Input data:
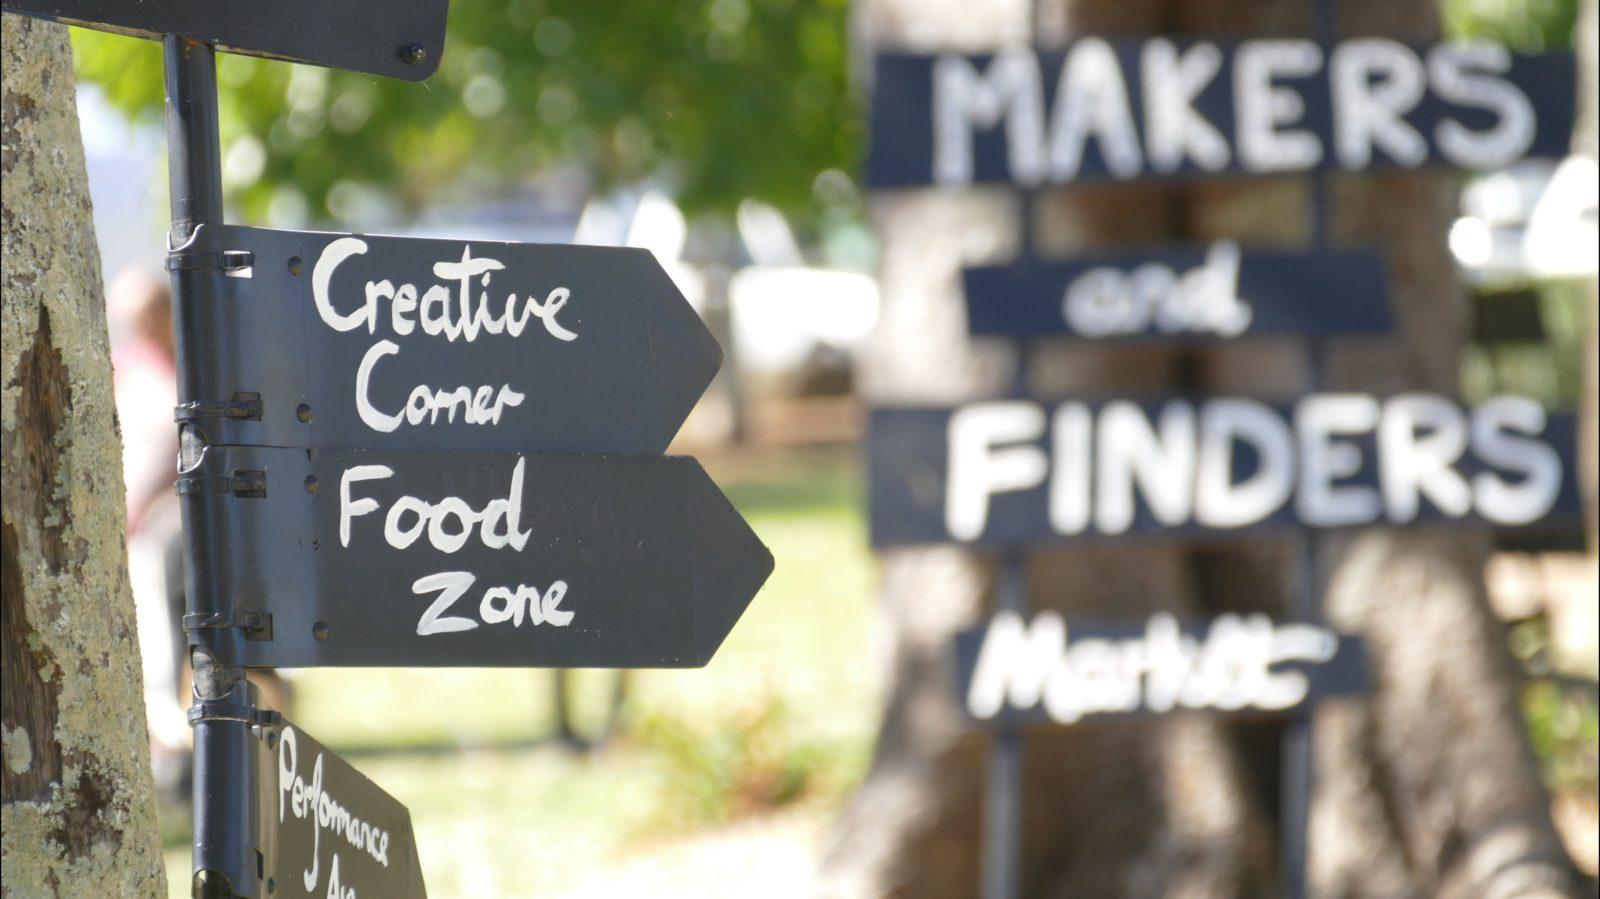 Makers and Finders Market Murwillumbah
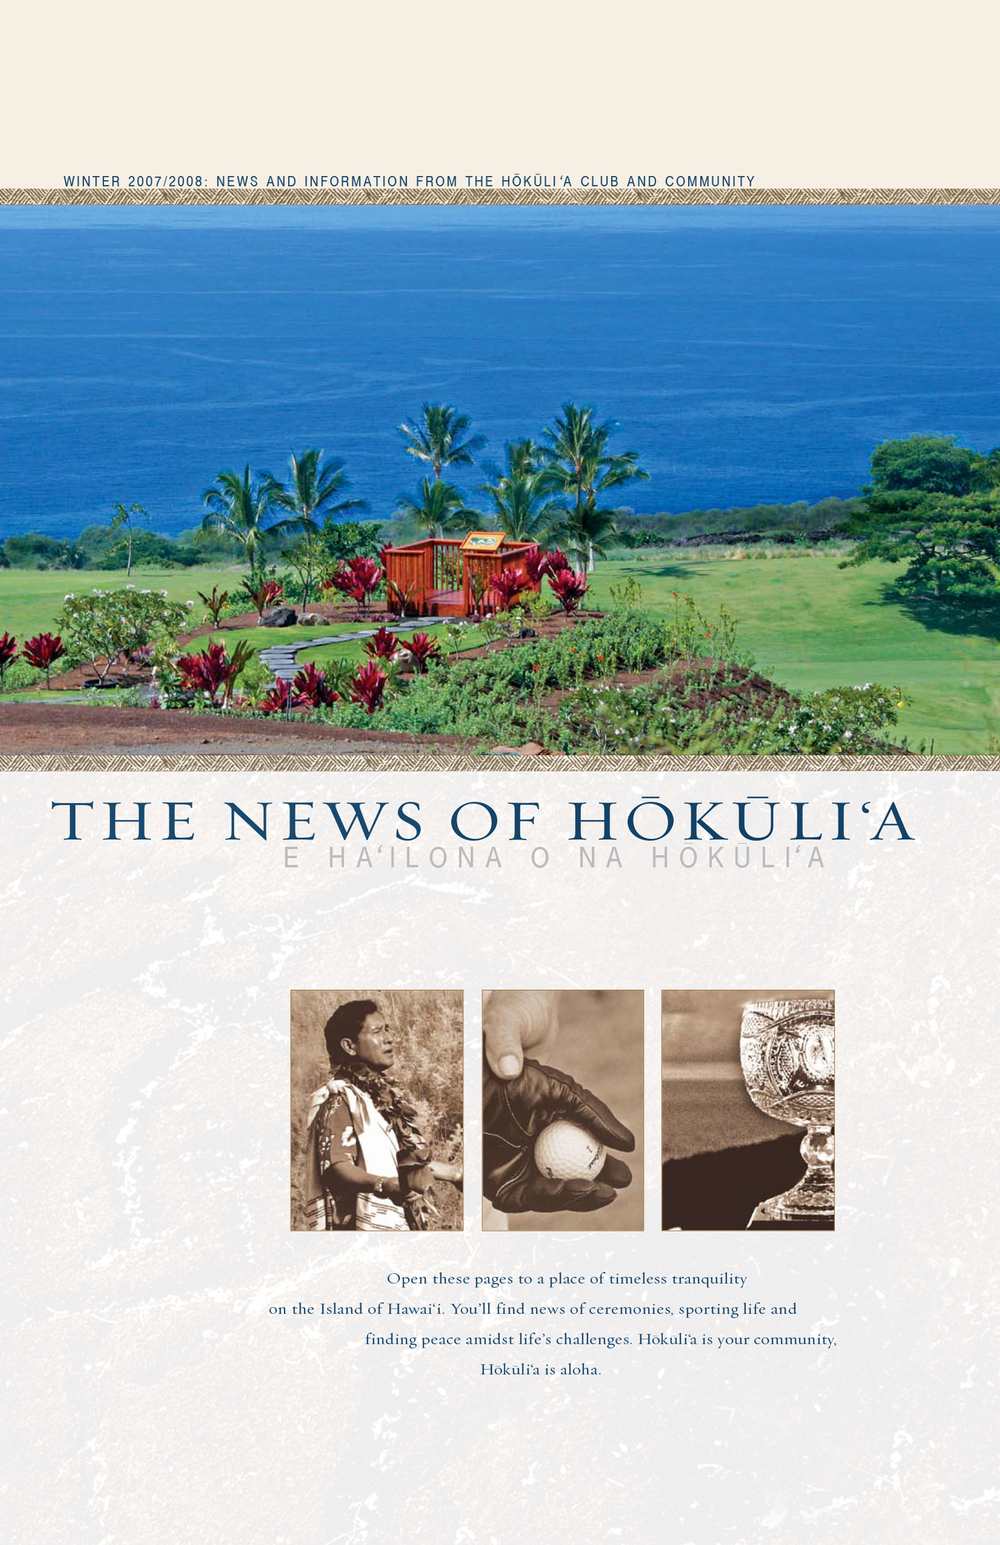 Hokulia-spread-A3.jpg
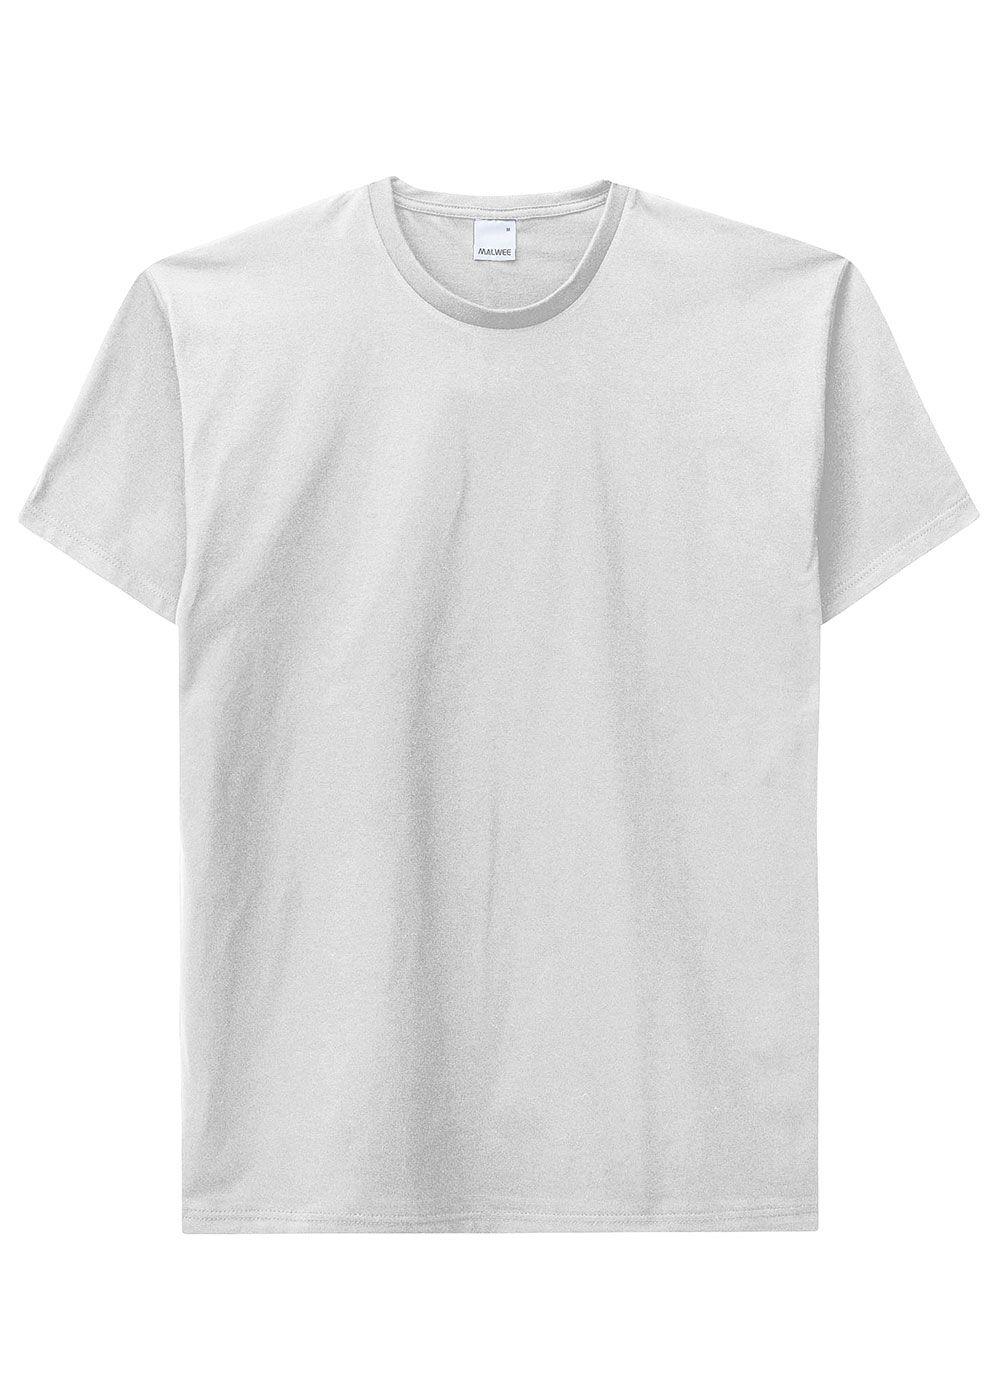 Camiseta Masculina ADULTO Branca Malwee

Exercise goal: Leave the images out as you retype each line of the material exactly.

Exercise answer:
 Makers and Finders Market Murwillumbah
 Hokulia-spread-A3.jpg
 Camiseta Masculina ADULTO Branca Malwee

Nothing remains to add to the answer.